The challenge of continuous speech

Human speech tends to be continuous, with no natural pauses between words. This poses a difficult challenge: where should a waveform be split to form meaningful words? Given a sequence of sounds, realigning the sounds to form different word boundaries can produce vastly different sentences:

  • It’s not easy to wreck a nice beach; OR

  • It’s not easy to wreck an ice beach; OR

  • It’s not easy to recognise speech!

Humans are your better choice

Currently, there is no software that is sophisticated enough to handle all these things or interpret the overall context of the audio. Only a human transcriptionist can. So make sure you choose the right path… choose Tasman Transcription.

 

What’s a mondegreen?

For a bit of fun – and to make a point…

The challenge of continuous speech sometimes results in a mondegreen. A mondegreen is a mishearing or misinterpretation of a phrase as a result of a near-homophony in a way that gives it new meaning. Mondegreens are most often created by a person listening to a poem or a song. They give rise to some hilariously funny misheard song lyrics. Here are 5 of our favourites – try them when you next hear these songs:

“Saving his life from this warm sausage tea”. Correct lyric: “Spare him his life from this monstrosity” from Queen’s ‘Bohemian Rhapsody’.

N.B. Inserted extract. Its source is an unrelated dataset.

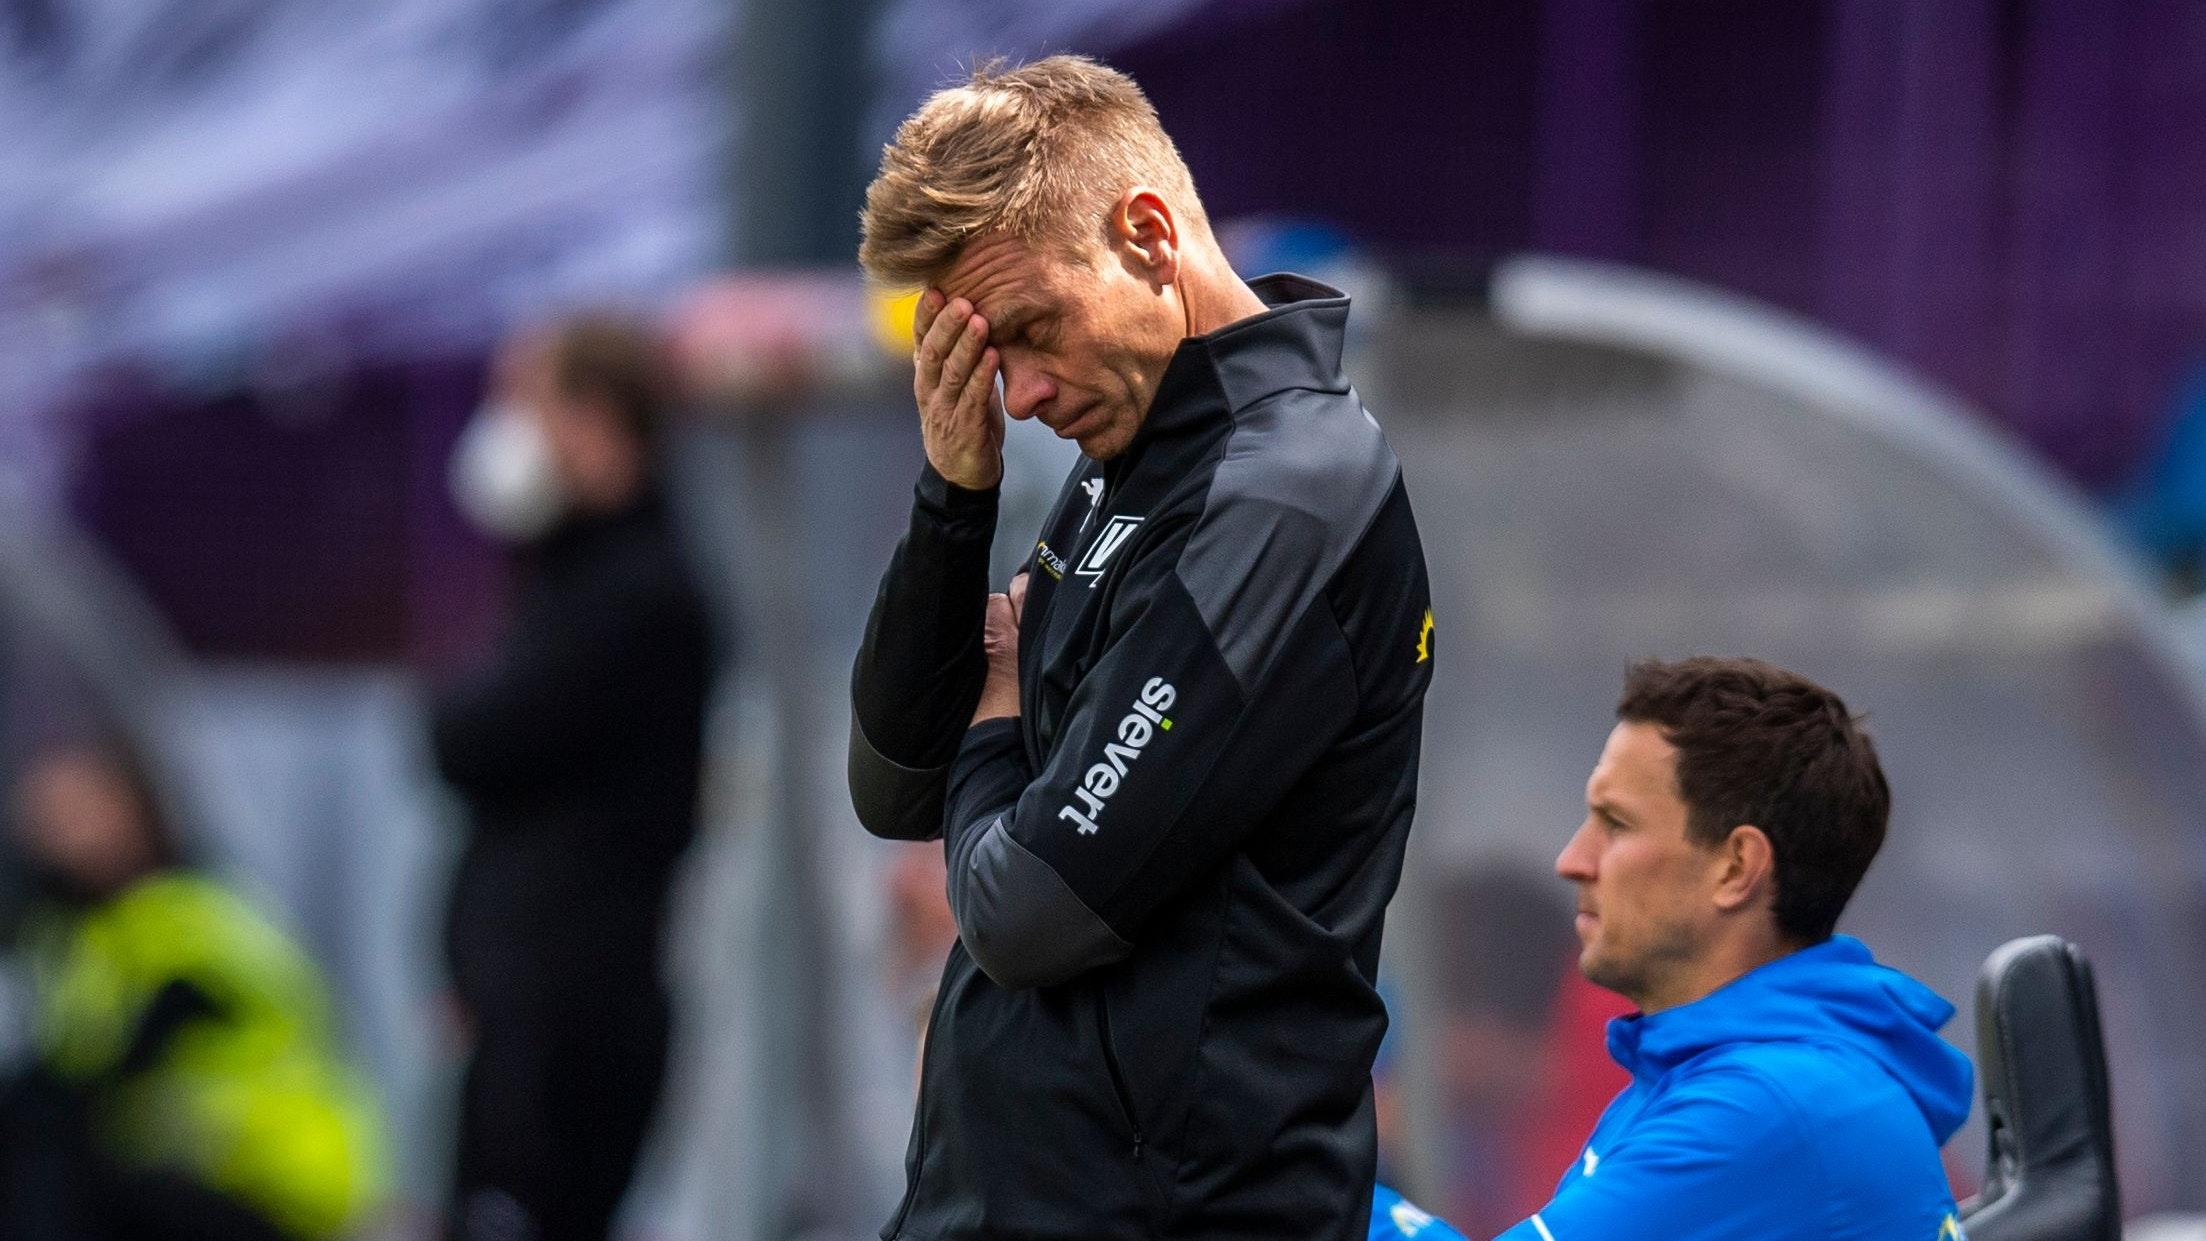 Frust an der Bremer Brücke: Osnabrücks Trainer Markus Feldhoff im Spiel gegen Kiel. Foto: dpa/Inderlied

“Excuse me while I kiss this guy”. Correct lyric: “Excuse me while I kiss the sky” from Jimi Hendrix’s ‘Purple Haze’.

“I’ll never leave your pizza burning”. Correct lyric: “I’ll never be your beast of burden” from The Rolling Stones’ ‘Beast of Burden’.

“Four-legged woman… four-legged woman two knees”. Correct lyric: “More than a woman… more than a woman to me” from the Bee Gees’ ‘More than a woman’.

“Slow walking Walter, the fire engine guy”. Correct lyric: “Smoke on the water… there’s fire in the sky” from Deep Purple’s ‘Smoke on the water”.